Fix: src/storage/factory.ts now normalises well-known aliases before the switch:

'gcp'       → StorageProviderType.GCP_BUCKET  ('gcp-bucket')
's3' | 'aws' → StorageProviderType.AWS_S3      ('aws-s3')

Both the short and canonical forms are now accepted. The Cloud Run env var JIVA_STORAGE_PROVIDER has been updated to gcp-bucket for clarity.


2. Shared StorageProvider.context caused cross-tenant GCS path corruption

Symptom: Under concurrent load, tenant A's storage operations (reading config, saving conversations, loading directives) would silently use tenant B's GCS path. Data appeared to go missing or be saved in the wrong location.

Root cause: A single GCPBucketProvider instance is created at server startup and shared across all sessions via SessionConfig.storageProvider. Its this.context field (set by setContext()) was overwritten by each new session creation. Because createSession() is async and makes several GCS calls, a concurrent setContext() call from another tenant could corrupt the path mid-flight.

Fix: Added StorageProvider.createSessionScoped(context) — a new method that returns an isolated provider instance with a fixed, immutable context. GCPBucketProvider overrides it to share the GCS Bucket client (stateless, safe for concurrent use) and the per-tenant configCache (a Map keyed by tenantId, so reads from different tenants are isolated), but gives each session its own context, logBuffer, and other mutable state. LocalStorageProvider overrides it trivially (creates a new instance with the same basePath).

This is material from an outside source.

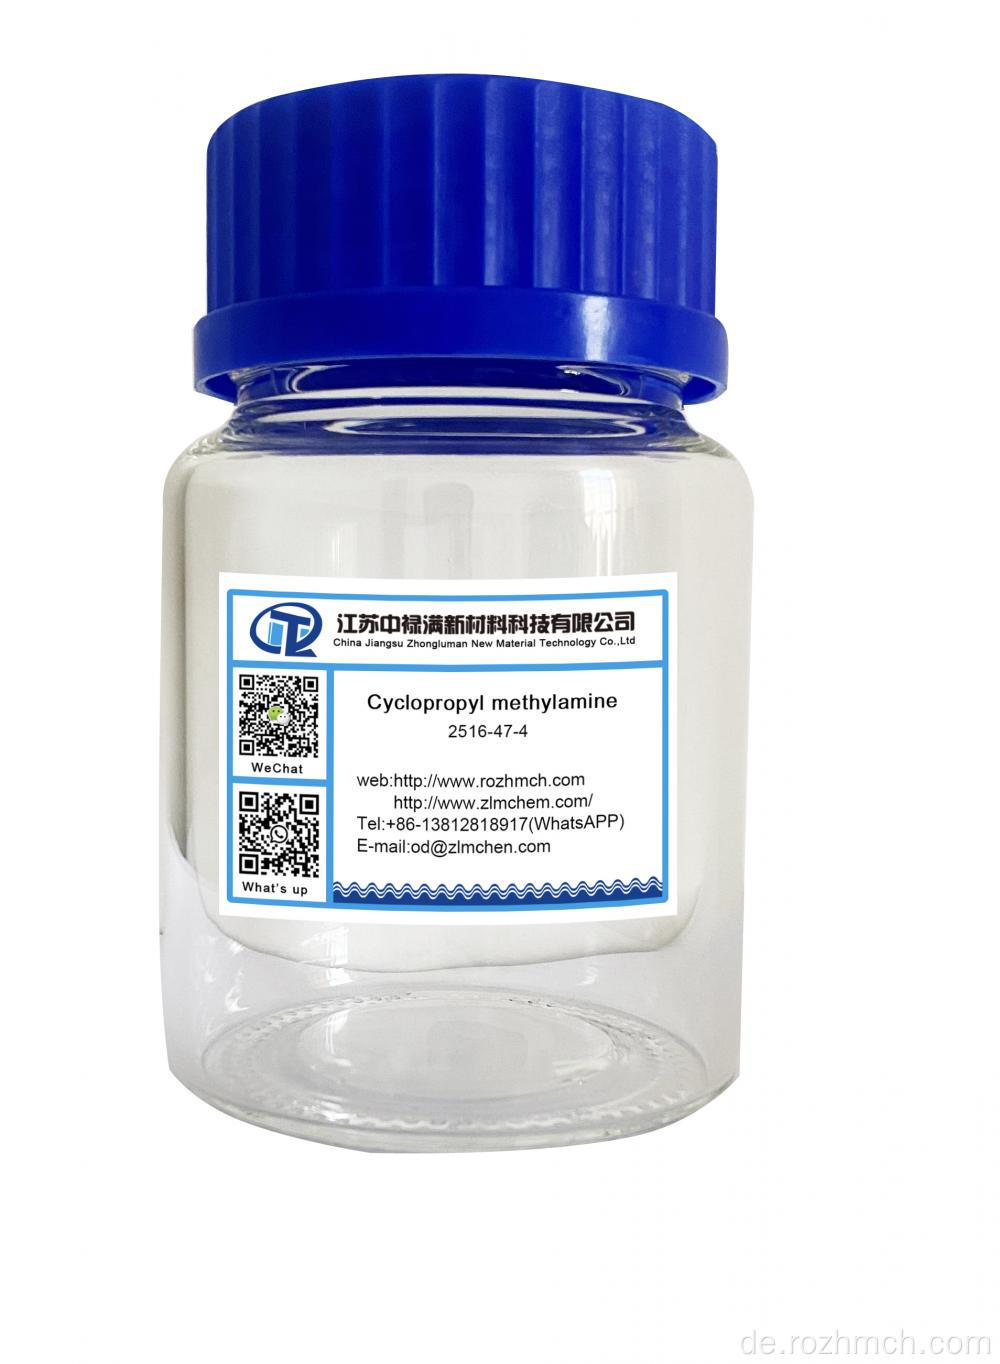 Cyclopropylmethylamin CAS 2516-47-4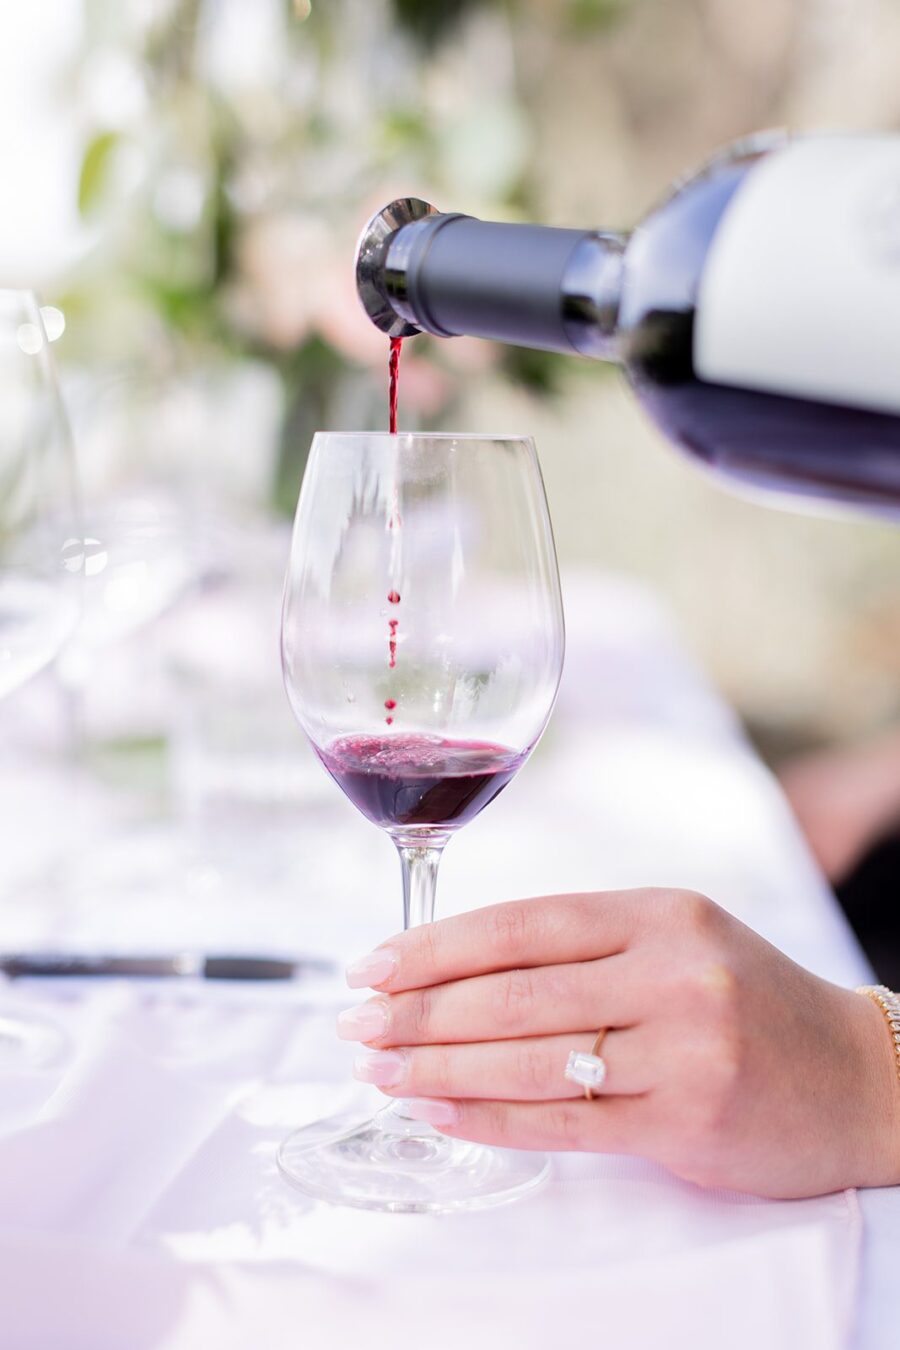 Napa California Winery proposal vineyard proposal wine glass tower custom wine glasses flower garland pouring wine

SessionManager.createSession() now calls createSessionScoped() instead of setContext() and stores the returned instance in ActiveSession.storageProvider. Every storage operation for that session (config reads, MCP server loading, workspace directive, conversation history, log flushing) goes through this per-session instance. The shared singleton's context field is never mutated during request handling.

Files changed:

  • src/storage/provider.ts — added createSessionScoped()
  • src/storage/gcp-bucket-provider.ts — overrode createSessionScoped()
  • src/storage/local-provider.ts — overrode createSessionScoped()
  • src/interfaces/http/session-manager.ts — uses per-session provider throughout

3. GCPBucketProvider.setConfig() captured context after an await

Symptom: Sporadic config writes going to the wrong tenant's GCS path, particularly during session initialisation when model config was being saved for the first time.

Root cause: setConfig() called this.requireContext() and this.getConfigPath() after await this.loadConfigCache(). If a concurrent setContext() call arrived during that await, the path used for the write reflected the new tenant.

Fix: Context and config path are now captured at the very top of setConfig(), before the first await. (src/storage/gcp-bucket-provider.ts)


4. SessionManager.getOrCreateSession() had a TOCTOU race creating duplicate sessions

Symptom: Under concurrent requests for the same (tenantId, sessionId) — e.g. two simultaneous HTTP requests arriving on a cold-start session — two separate DualAgent instances and two sets of MCP sub-processes could be created for the same session key. The second one silently overwrote the first in the sessions map, leaking the sub-processes.

Fix: SessionManager now maintains a pendingSessions: Map<string, Promise<ActiveSession>> alongside the sessions map. When a creation is in progress, subsequent concurrent callers await the same Promise instead of starting a second creation. The pending entry is removed (in a finally block) whether creation succeeds or fails. (src/interfaces/http/session-manager.ts)


5. SessionManager.destroySession() saved conversation to the wrong tenant path

Symptom: When a session was destroyed (idle timeout or graceful shutdown), saveConversation() and flushLogs() were called on the shared singleton provider, which held whatever context the most recently created session had set. Under concurrent load, conversations could be saved to the wrong tenant.

Fix: destroySession() now retrieves session.storageProvider (the session-scoped instance stored in ActiveSession) and uses it for all teardown writes. (src/interfaces/http/session-manager.ts)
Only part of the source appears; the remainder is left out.